Adding Customer Metrics Features

In [22]:
customer_metrics_df['TotalAmount'] = customer_metrics_df['Price'] * customer_metrics_df['Quantity']

In [23]:
customer_metrics_df = customer_metrics_df.groupby(by = 'Customer ID', as_index=False) \
  .agg(
    TotalSpent = ('TotalAmount', 'sum'),
    OrderCount = ('Invoice', 'nunique'),
    FirstInvoiceDate = ('InvoiceDate', 'min'),
    LastInvoiceDate = ('InvoiceDate', 'max')
  )

In [24]:
customer_metrics_df['LastInvoiceDate'] = pd.to_datetime(customer_metrics_df['LastInvoiceDate'])
customer_metrics_df['FirstInvoiceDate'] = pd.to_datetime(customer_metrics_df['FirstInvoiceDate'])

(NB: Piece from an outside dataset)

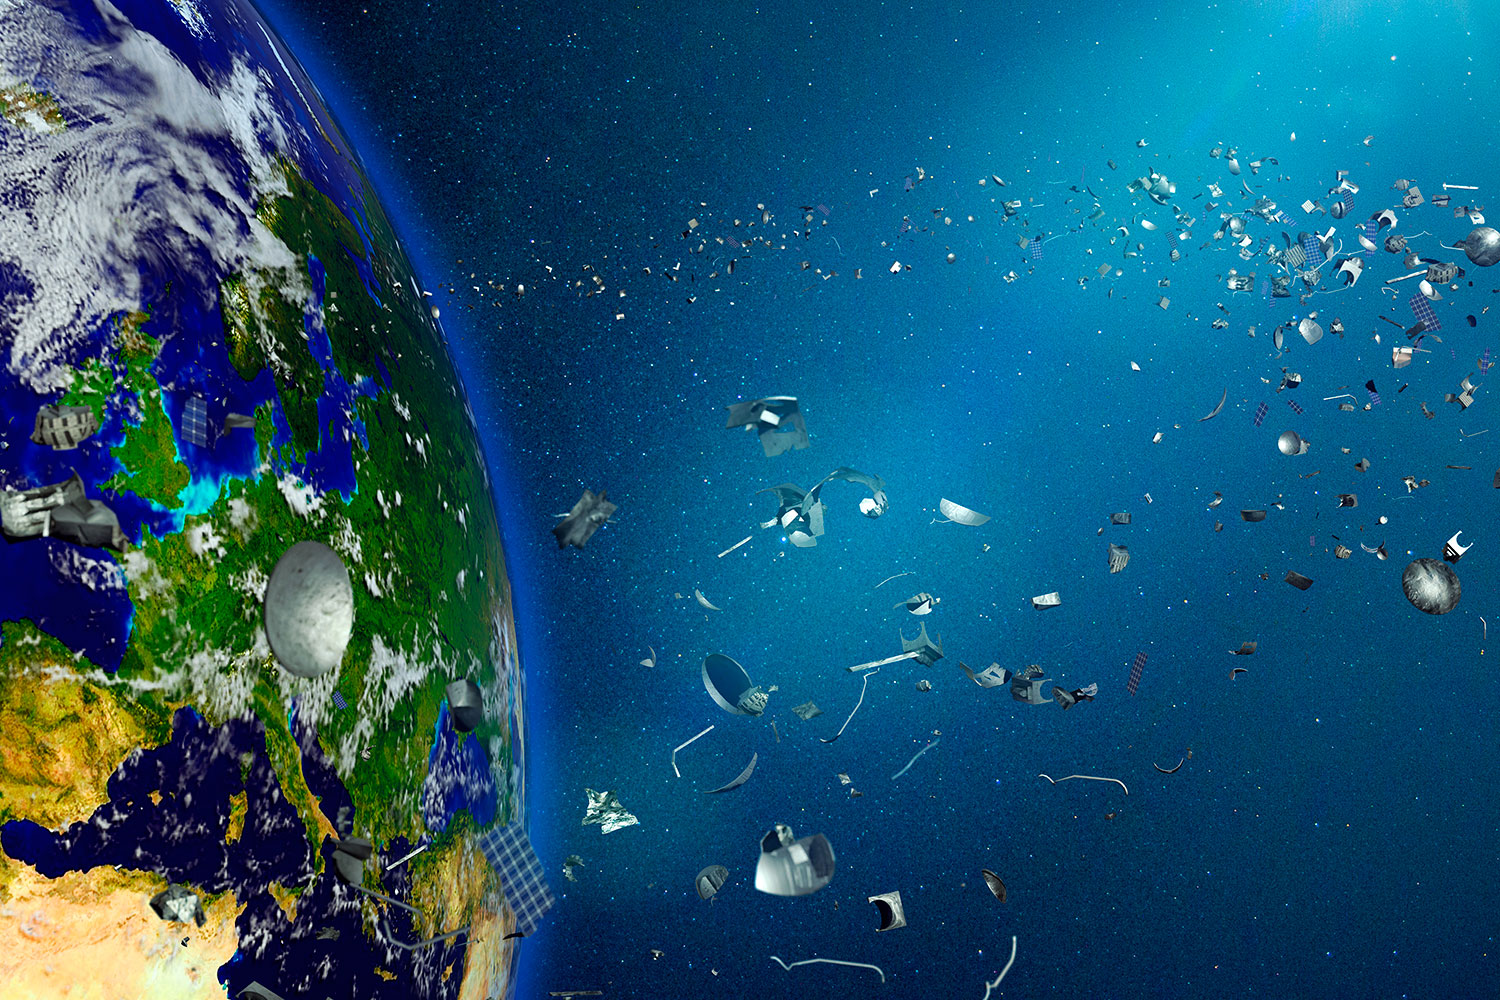 basura espacial alrededor del planeta Tierra

customer_metrics_df['CustomerLifespan'] = (customer_metrics_df['LastInvoiceDate'] - customer_metrics_df['FirstInvoiceDate']).dt.days

In [25]:
#using the maxinvoice date from the table instead of current date since the data is old
max_invoice_date = customer_metrics_df['LastInvoiceDate'].max()

customer_metrics_df['Recency'] = (max_invoice_date - customer_metrics_df['LastInvoiceDate']).dt.days

In [26]:
customer_metrics_df['CustomerLifespan'] = np.where(customer_metrics_df['CustomerLifespan'] == 0, \
                                                1, customer_metrics_df['CustomerLifespan'])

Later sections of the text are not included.